I want quotes becasue you claimed that I said something that I didn't... Like I have said before...I spend little time doing anything but correcting your "interpretations" of what I have said...

And all textbooks aren't wrong about the SB law...I provided you with a pretty comprehensive list of which ones promoted your wack job derivation, and which ones taught the actual SB law....it was only those used in the soft science of climate sceince and which had an agenda to prmote that taught that version...those used to teach actual physics stick to the actual SB law...

And when did I ever say that all photons from a black body have the same wavelength?  A black body emits whatever it absorbs...if it is absorbing a single wavelength then it is emitting a single wavelength...if it is absorbing multiple wavelengths, then it is emitting multiple wavelengths...more "interpretation" or outright lies...which is it?

and on and on and on...the tedium never ends with you...

Do you often get snubbed in the real world?  I can see that happening if you interpret everything you hear and answer based on your interpretation...I can see iintelligent people tiring of that very quickly.


----------



## Wuwei (Mar 22, 2019)

SSDD said:


> And all textbooks aren't wrong about the SB law...I provided you with a pretty comprehensive list of which ones promoted your wack job derivation, and which ones taught the actual SB law.



No you didn't provide any reference that taught the second factor in the SB law was always smaller. You only gave one that assumed a special case.



SSDD said:


> And when did I ever say that all photons from a black body have the same wavelength?


You said that photons can be a single frequency from a black body.
Paradoxical Earth..  Complex responses often misinterpreted...



SSDD said:


> A black body emits whatever it absorbs...if it is absorbing a single wavelength then it is emitting a single wavelength...if it is absorbing multiple wavelengths, then it is emitting multiple wavelengths...more "interpretation" or outright lies...which is it?

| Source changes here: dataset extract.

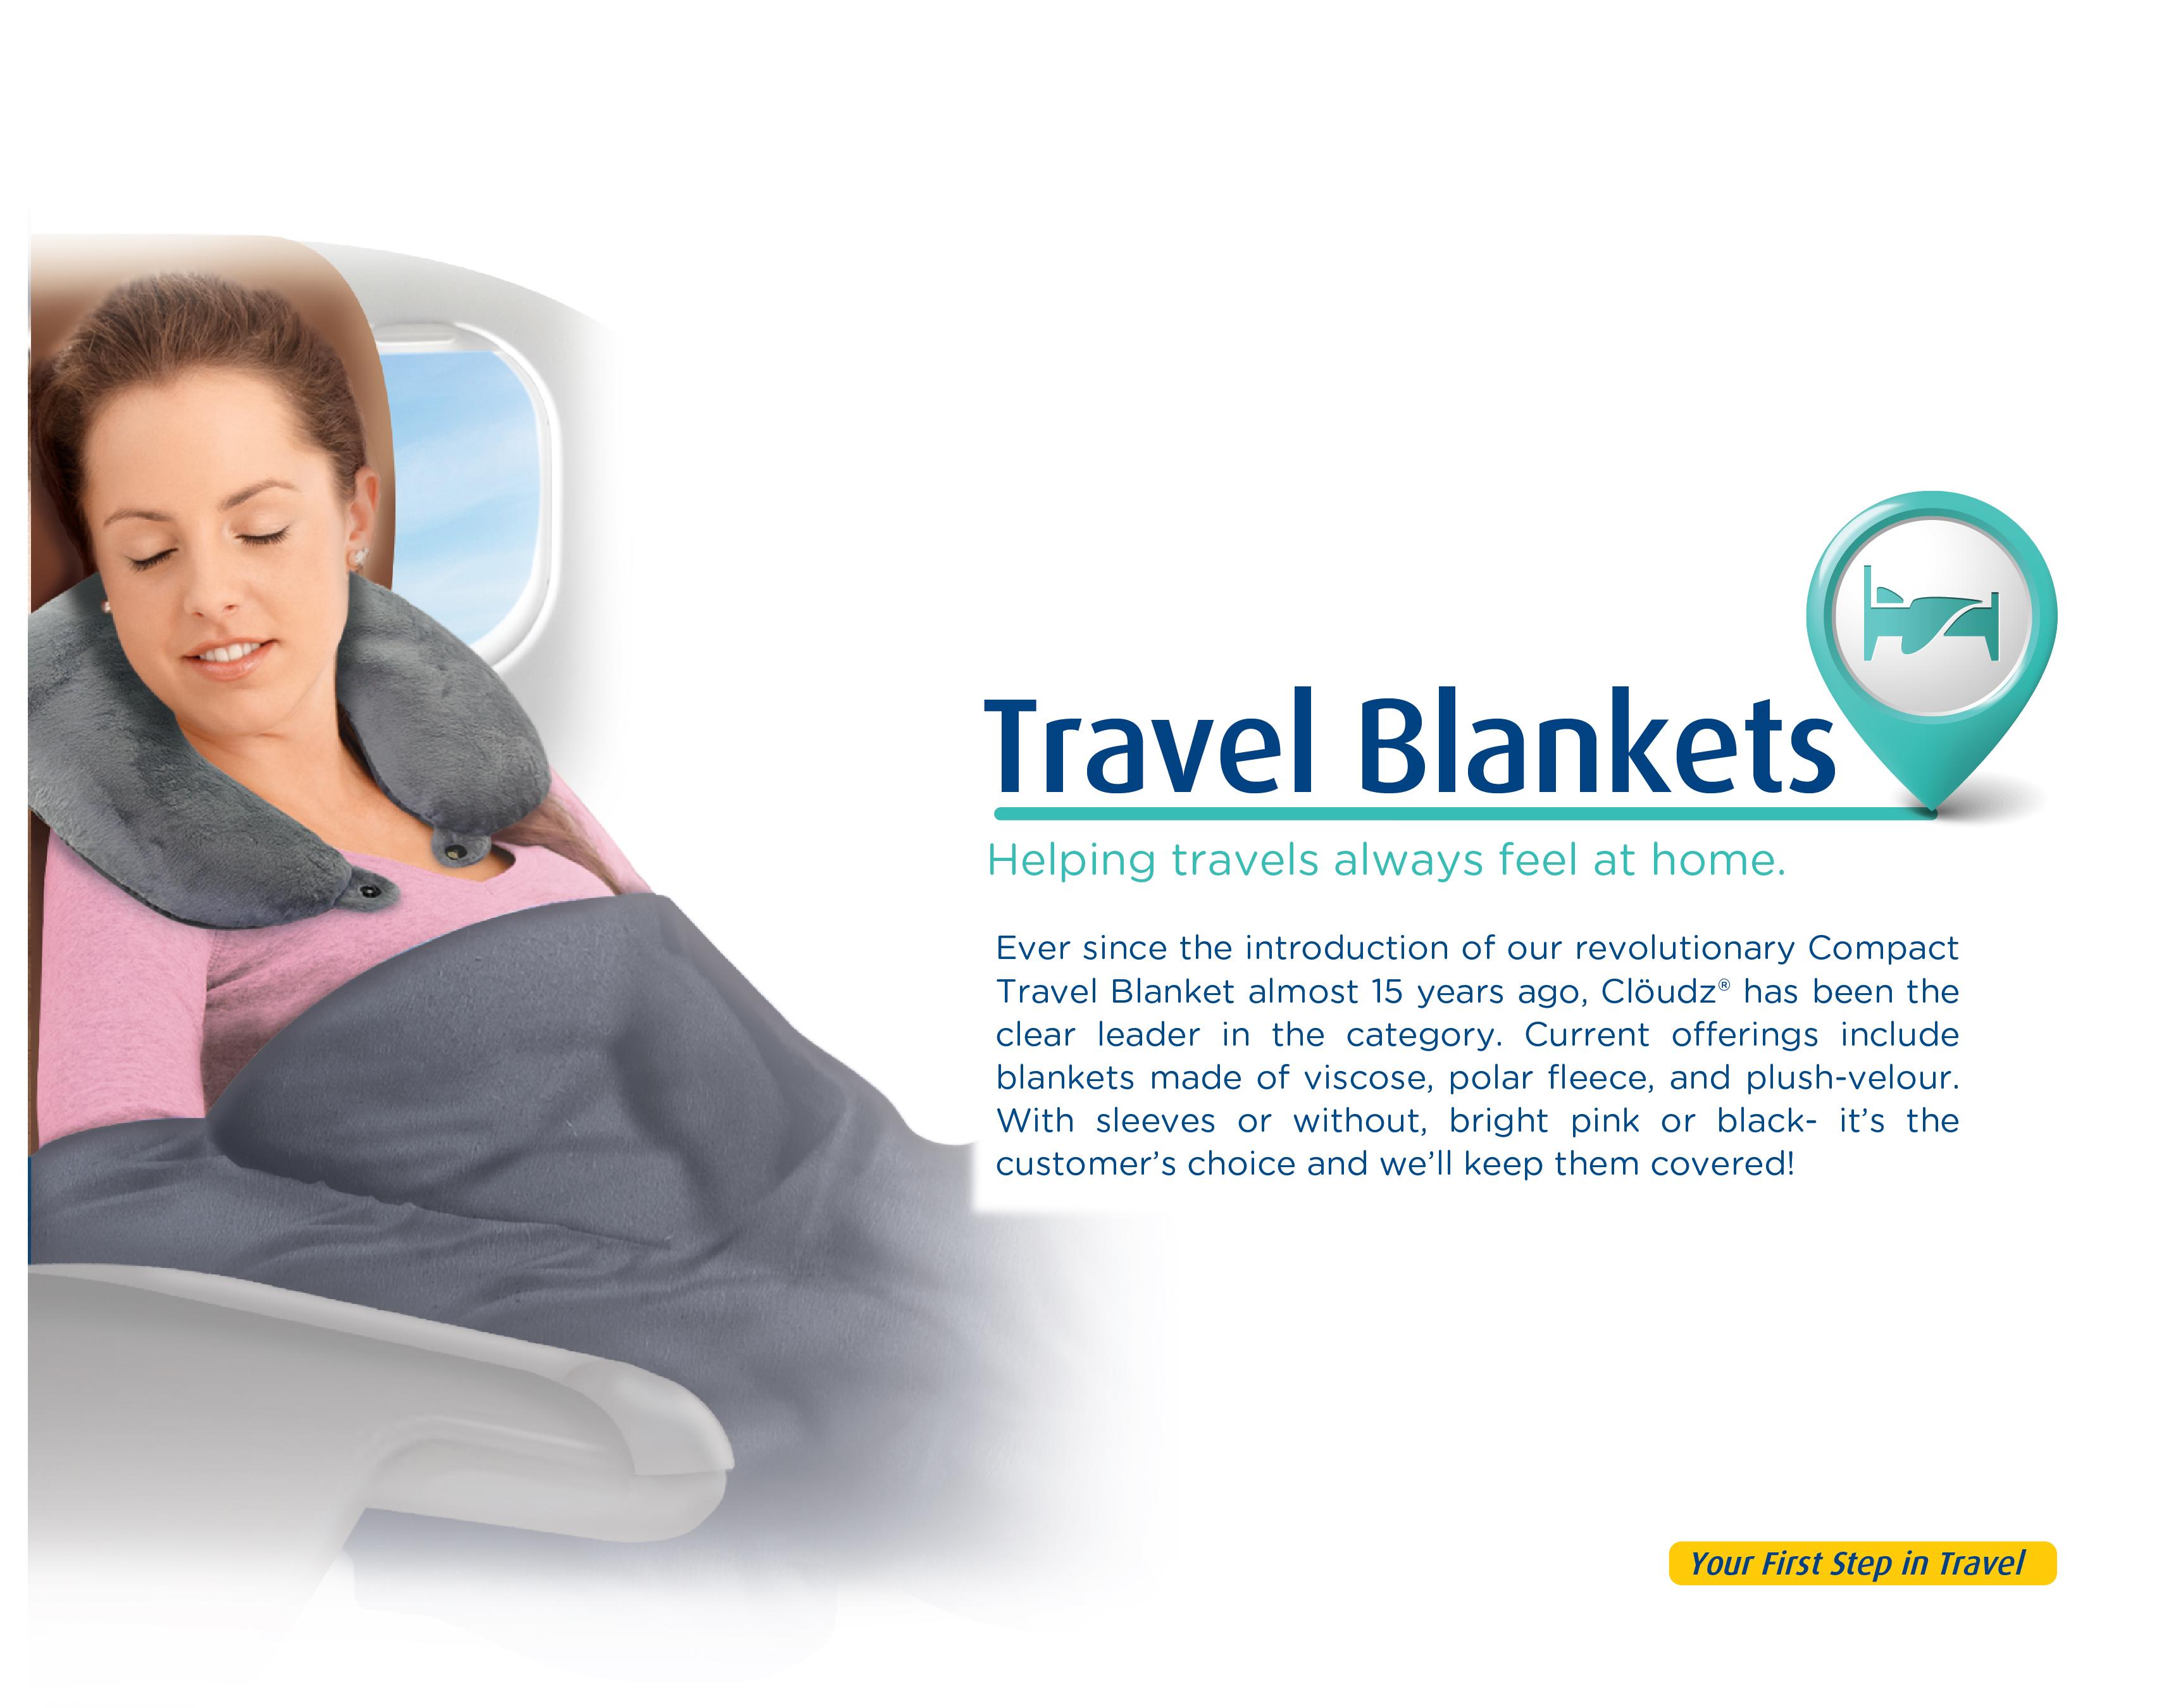 travel_blanket_section-01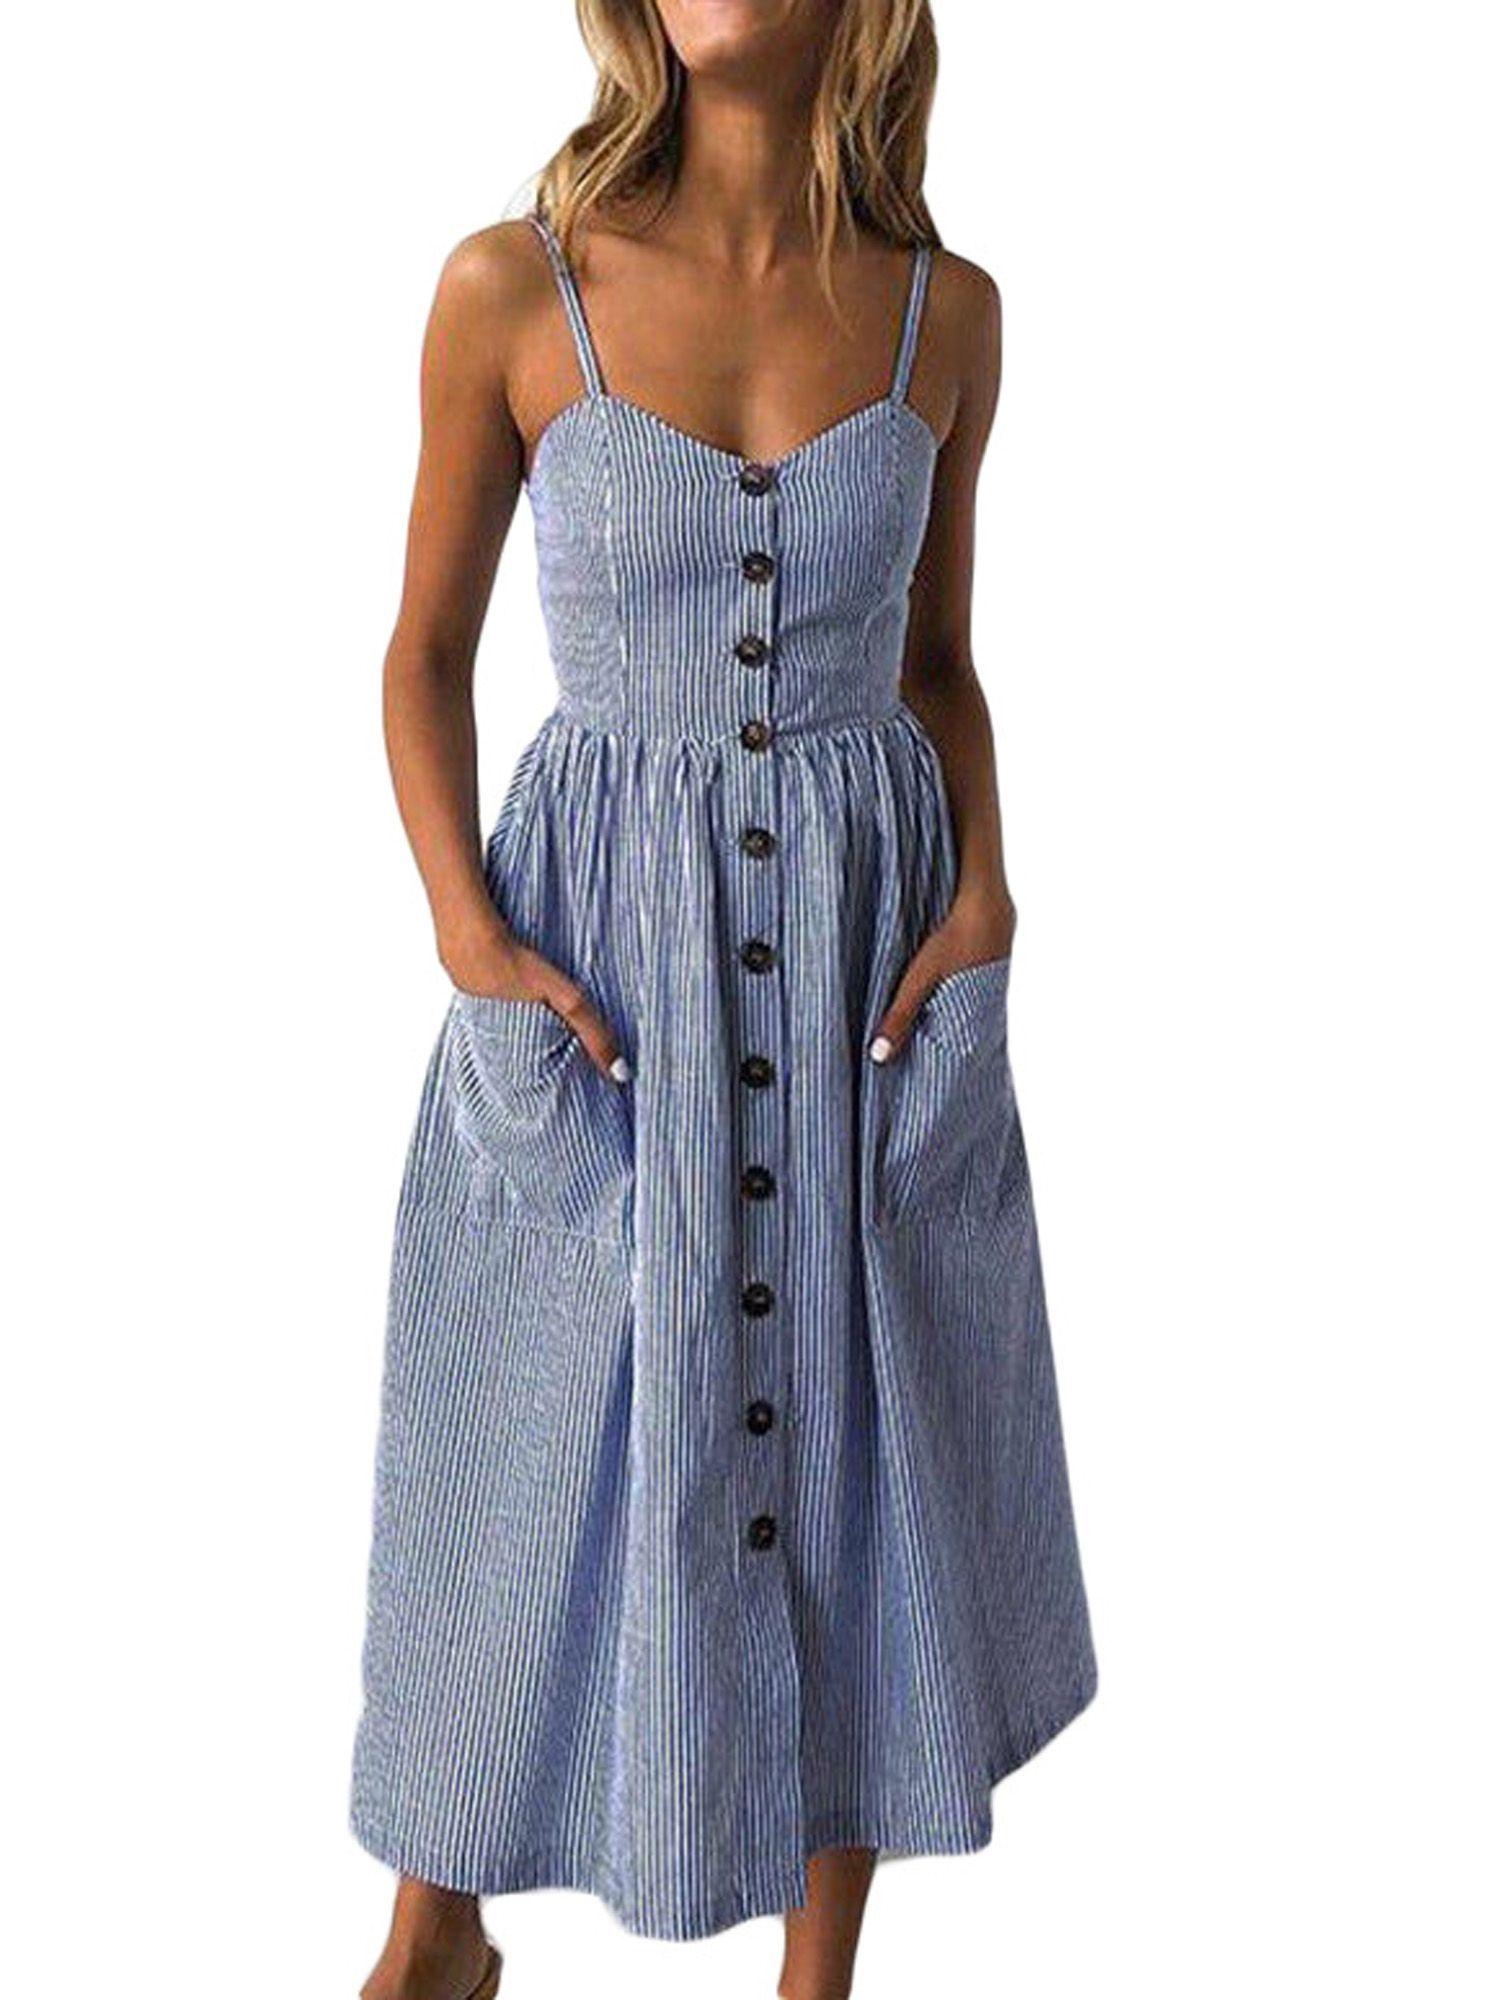 Wodstyle Women S Strappy Floral Summer Beach Party Midi Swing Dress Walmart Com Midi Swing Dress Summer Dresses For Women Summer Dresses [ 2000 x 1500 Pixel ]

That goes in my compendium of your ridiculous quotes. I would think you would know what black body radiation is by now. Look it up and you will see that it's a continuum of wavelengths.

One obvious counterexample is a high intensity laser used in heating metal is absorption of single wavelength. It re-radiates a spectrum of BB colors and not just the laser frequency!

If you want quotes you will have to tell me what else you think has been misrepresented in my list above in post #1558.

.


----------



## IanC (Mar 22, 2019)

SSDD said:


> And when did I ever say that all photons from a black body have the same wavelength? A black body emits whatever it absorbs...if it is absorbing a single wavelength then it is emitting a single wavelength...if it is absorbing multiple wavelengths, then it is emitting multiple wavelengths...more "interpretation" or outright lies...which is it?



This is a perfect example of why you so seldom put anything down in your own words. You have screwed up royally and painted yourself into a corner. 

Most likely you simply do not understand. Any material absorbs some types of radiation and has the ability to emit the exact same frequencies that it can absorb. 

The problem is that outside source of radiation may be a different temperature than the receiving material. Temperature of the material in question is the limiting factor in how energetic a photon it can produce.

Visible light may warm the soil underfoot but until it is 5000K it will never emit its own visible light. Instead it emits infrared, just as you would predict from its temperature. 

Anyways, it's time for you to run away from this thread now. Bye bye.


----------



## SSDD (Mar 24, 2019)

Wuwei said:


> No you didn't provide any reference that taught the second factor in the SB law was always smaller. You only gave one that assumed a special case.



Sure I did...title and author...more lies...more tedium.



Wuwei said:


> You said that photons can be a single frequency from a black body.
> Paradoxical Earth..  Complex responses often misinterpreted...



And that is perfectly true...If a black body is absorbing a single frequency, it will emit in that same frequency...do you think it can absorb a single frequency and emit in a different frequency?  



Wuwei said:


> That goes in my compendium of your ridiculous quotes. I would think you would know what black body radiation is by now. Look it up and you will see that it's a continuum of wavelengths.



Observed measured evidence?  



Wuwei said:


> One obvious counterexample is a high intensity laser used in heating metal is absorption of single wavelength. It re-radiates a spectrum of BB colors and not just the laser frequency!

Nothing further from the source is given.